How would you like a status page to be integrated on hosted portals?

mpitblado commented 5 months ago

Possible ideas:

Setting up an endpoint for services that returns either HTTP status codes, or contains keywords upon a GET request.

GET https://api.gbif.org/hp-status/datasets
200 OK

or

GET https://api.gbif.org/hp-status/datasets
OPERATIONAL (and returns html/json/xml page with just that word)

For the hosted portal, perhaps the following services are relevant

The service providing the api endpoint should mimic the action that the hosted portals are doing. For example, if the dataset summary pages has to make 4 requests to some service and call for 10 react components, the check should also try to perform those same actions and receive a non-error code for each.

Then individual countries/nodes can setup monitors to send a ping to those endpoints, and the idea below could also pull from them.

Replacing the error message with a component that pulls in information from an endpoint

Currently the error message is purely technical, however it may be possible to load a "error/status component" in the event that the initial component fails. This is similar to how 404 pages will often give some brief information to the user, and then display some simple navigation to get them back on track. The risk is that if the react components and the status component share a common infrastructure, then the failure of one to be delivered will likely result in the failure of the error message to be delivered as well. It doesn't have to be a complex react component, just has to dynamically load the values from calling out to an api endpoint.

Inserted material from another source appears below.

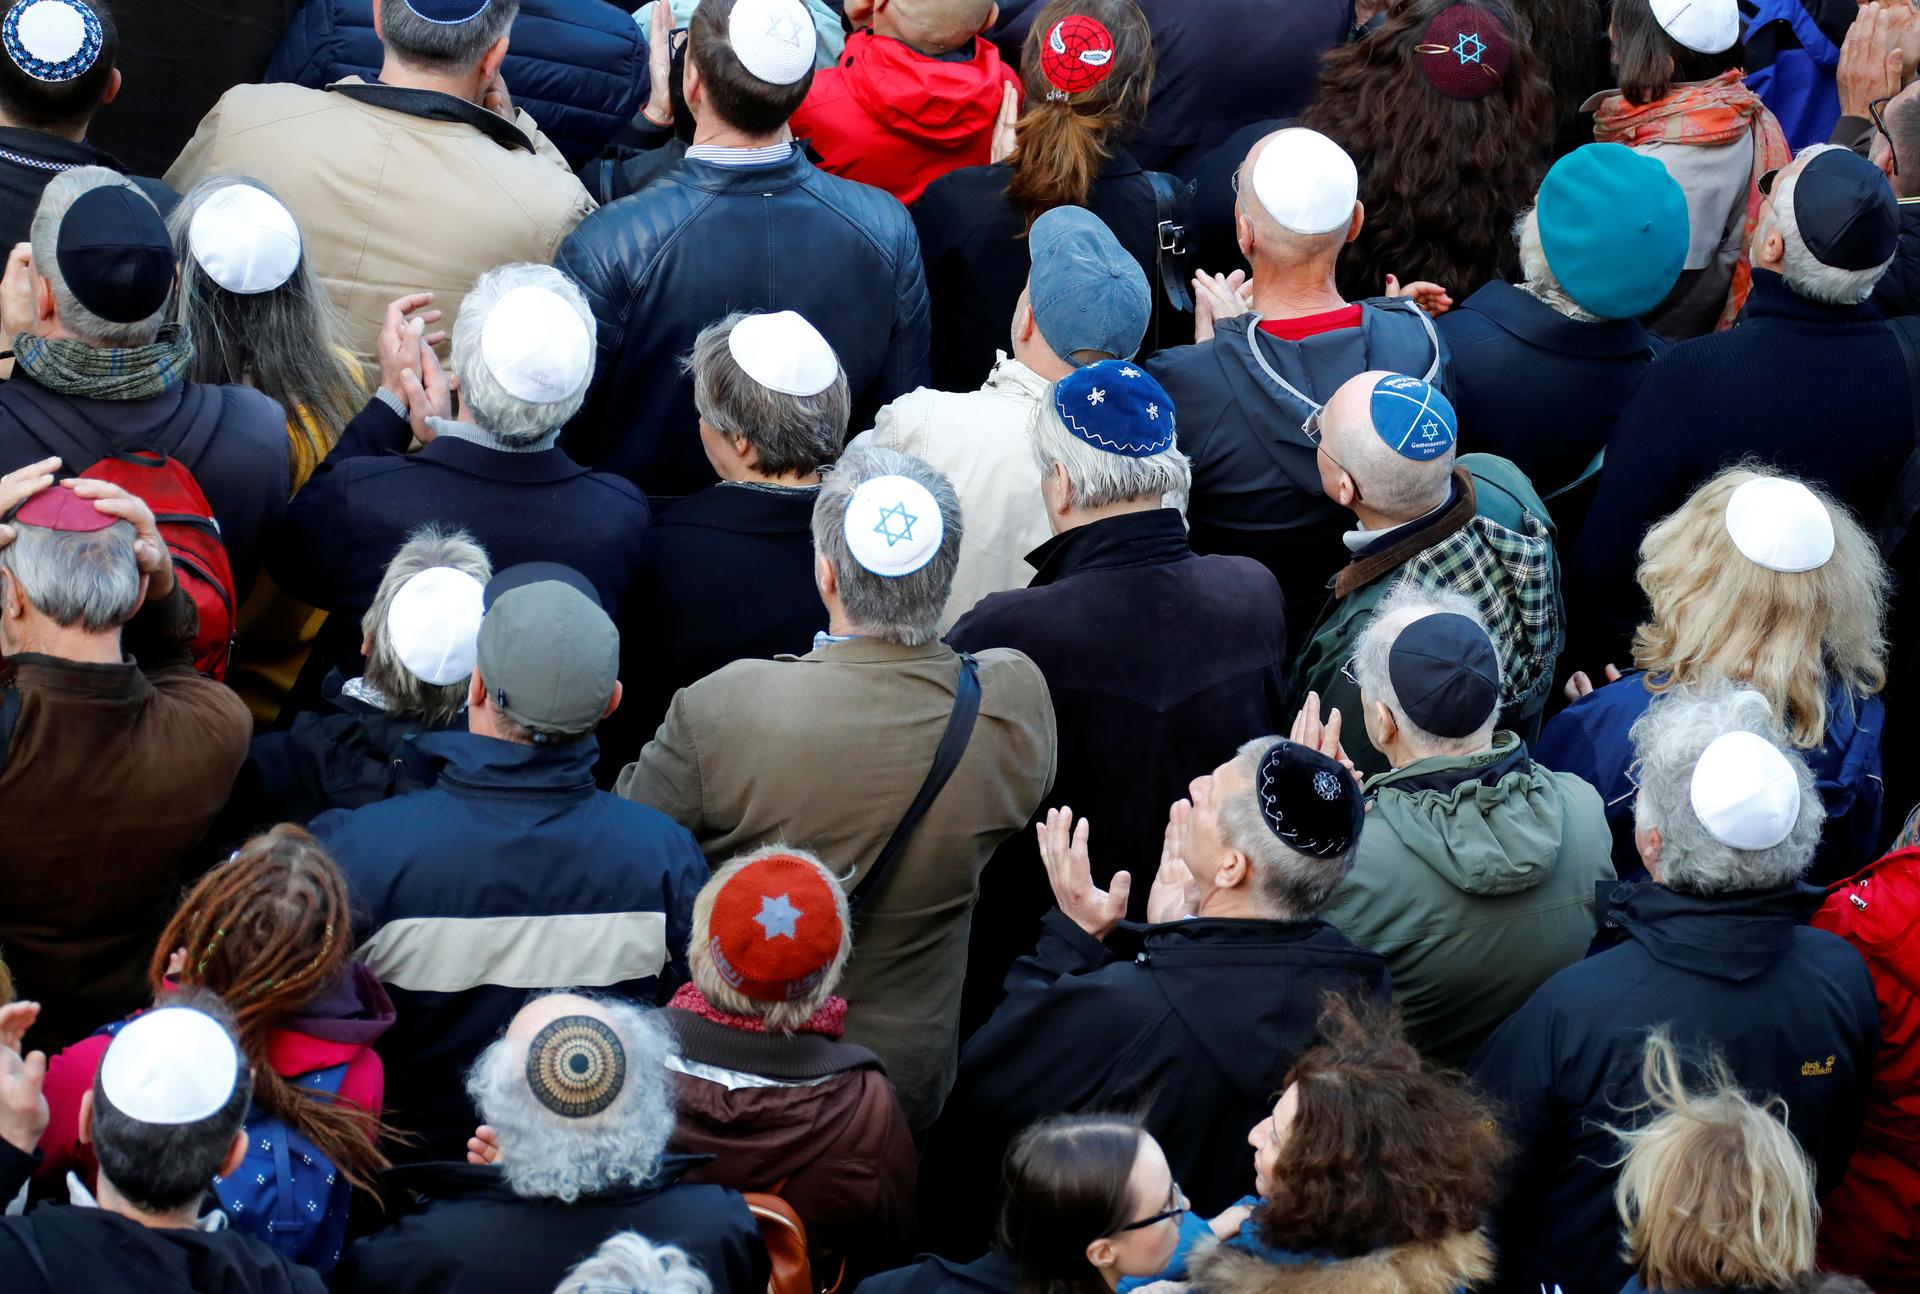 People from different faiths wear kippas as they attend a demonstration on April 25th in front of a Jewish synagogue, to denounce an anti-Semitic attack on a young man wearing a kippa in Berlin earlier in the month.

Having a monitor for the web server itself would not be beneficial in this case, as if the entire webserver is down, the user can never see this error message.

I put the sentence about the refresh in, because currently it will solve the most common error of the components not loading (see https://github.com/gbif/gbif-web/issues/594 and https://github.com/gbif/gbif-web/issues/429).

Flow: Attempt to load component - (if error) -> Attempt to load status component - (if error) -> Technical error message.